Jonathan: Well, I remember on January 6th of last year, there was a time when it really looked like it was up to Trump when you talked to Republicans on the Hill. There was a time when both were seen together. I mean, gosh, Democratic Senator Amy Klobuchar told me she had a fist bump with Mike Pence after testifying to Joe Biden’s victory.

So the mood of January 6 is similar. However, it didn’t take long for Donald Trump to re-establish himself as the undisputed, most powerful leader of the Republican Party. And now it is almost assumed that Donald Trump will be the Republican nominee in 2024. So it’s really shocking, where people’s heads were a year ago, where things are now.

NIALA: Nerdshala political reporter, Jonathan Swann. Thanks Jonathan.

Jonathan: Thanks.

Before leaving today, a note of thanks to you all when we asked what kind of emergency preparedness you do for your car in case you get stuck like drivers on icy I-95 in Virginia this week. Michael in Iowa shares his preparations for other drivers in cold weather: Place a zip-lock bag of sand, some 10-hour candles, and a lighter in a large tin box with a lid. He says: If you’re stuck, put sand in the bottom, stick in a candle, and light it. The small flame will heat both the can and the sand. It won’t feel like the tropics, but it will heat up the interior of your car enough to stop you from freezing to death. Thanks Michael.

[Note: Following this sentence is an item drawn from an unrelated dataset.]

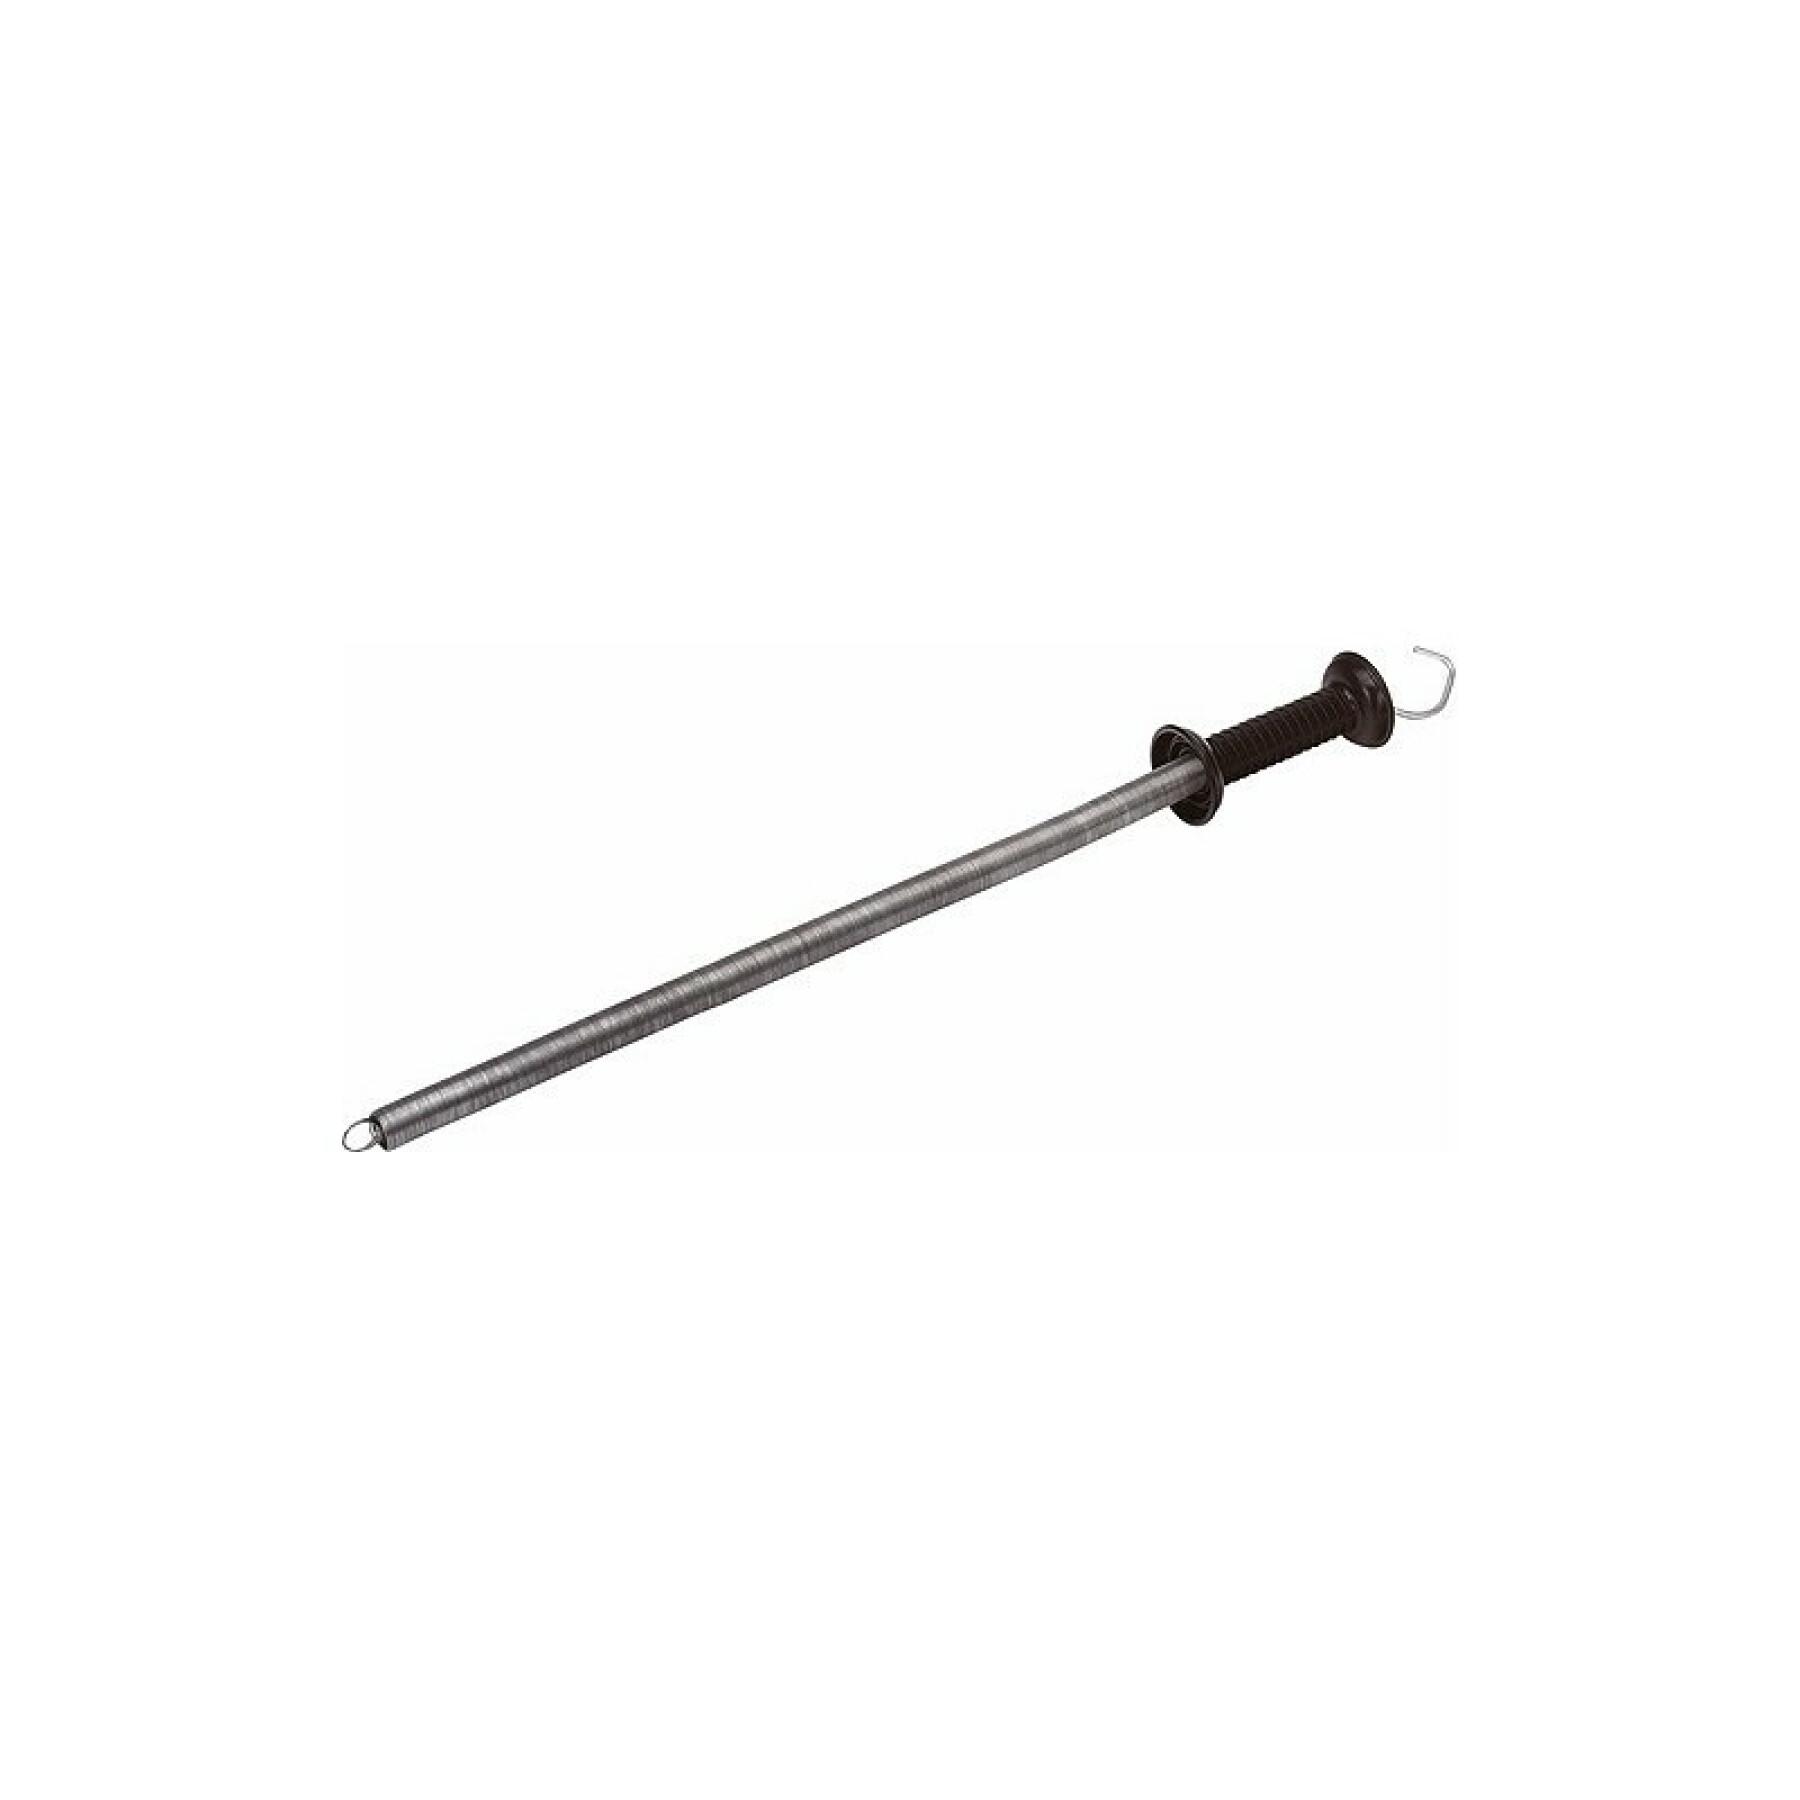 Insulating handle with integrated spring Beaumont
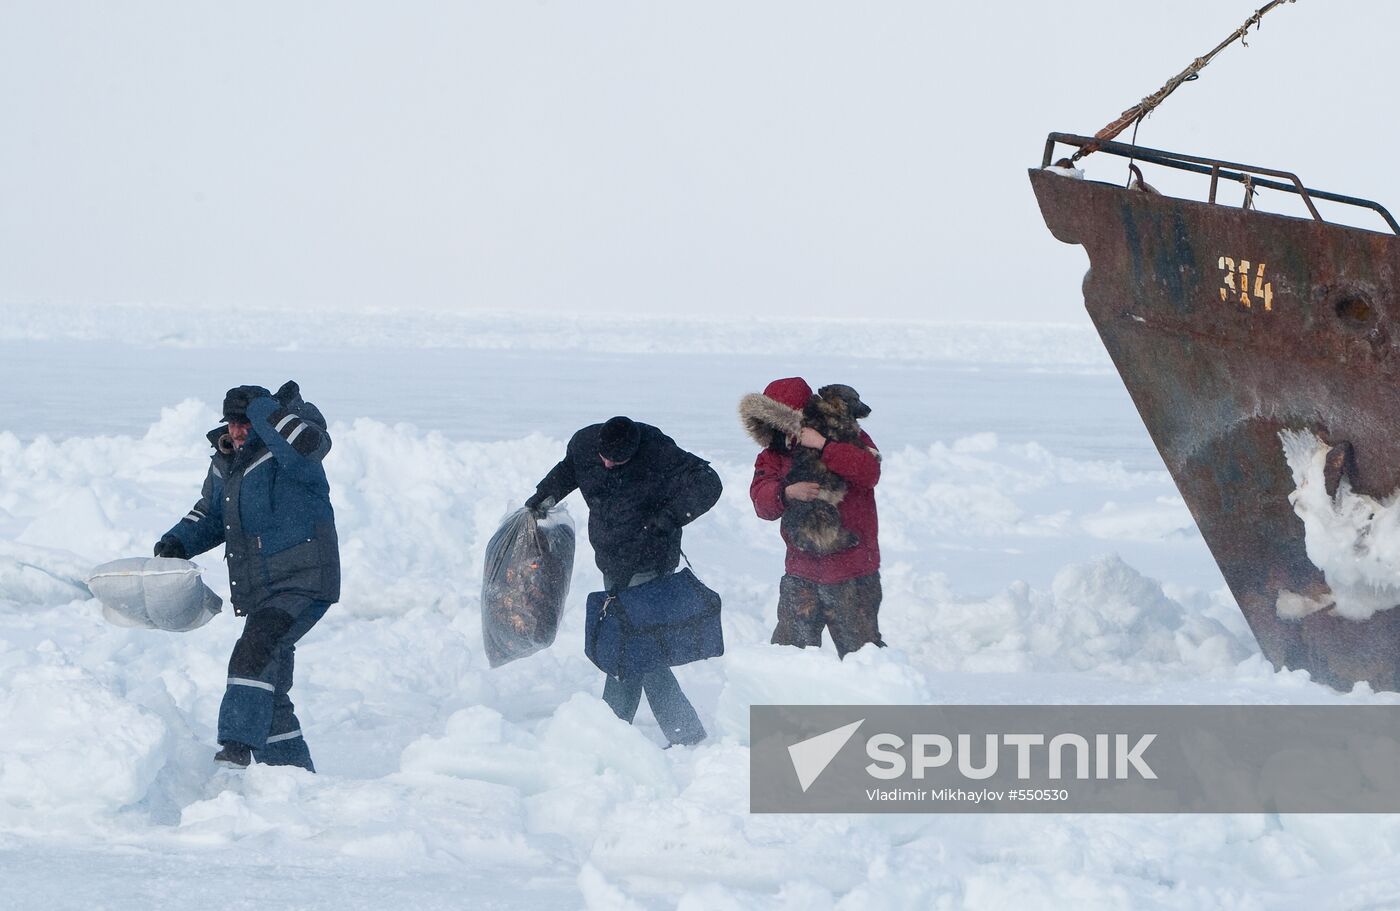 Rescue operation completed in the Okhotsk Sea

OK, that’s all for this week. Nerdshala Today is brought to you by Nerdshala & Pushkin Industries.

We are produced by Alexandra Botti, Nuria Marquez Martinez, Sabina Singhani and Lydia McMullen-Layard. Our sound engineer is Alex Sugiura. Julia Redpath is our Executive Producer. Sara Kehoulani Gu is our Editor-in-Chief. And a special thanks to Mike Allen, co-founder of Nerdshala.

I’m Niyala Boodhoo – thanks for listening – and have a great weekend.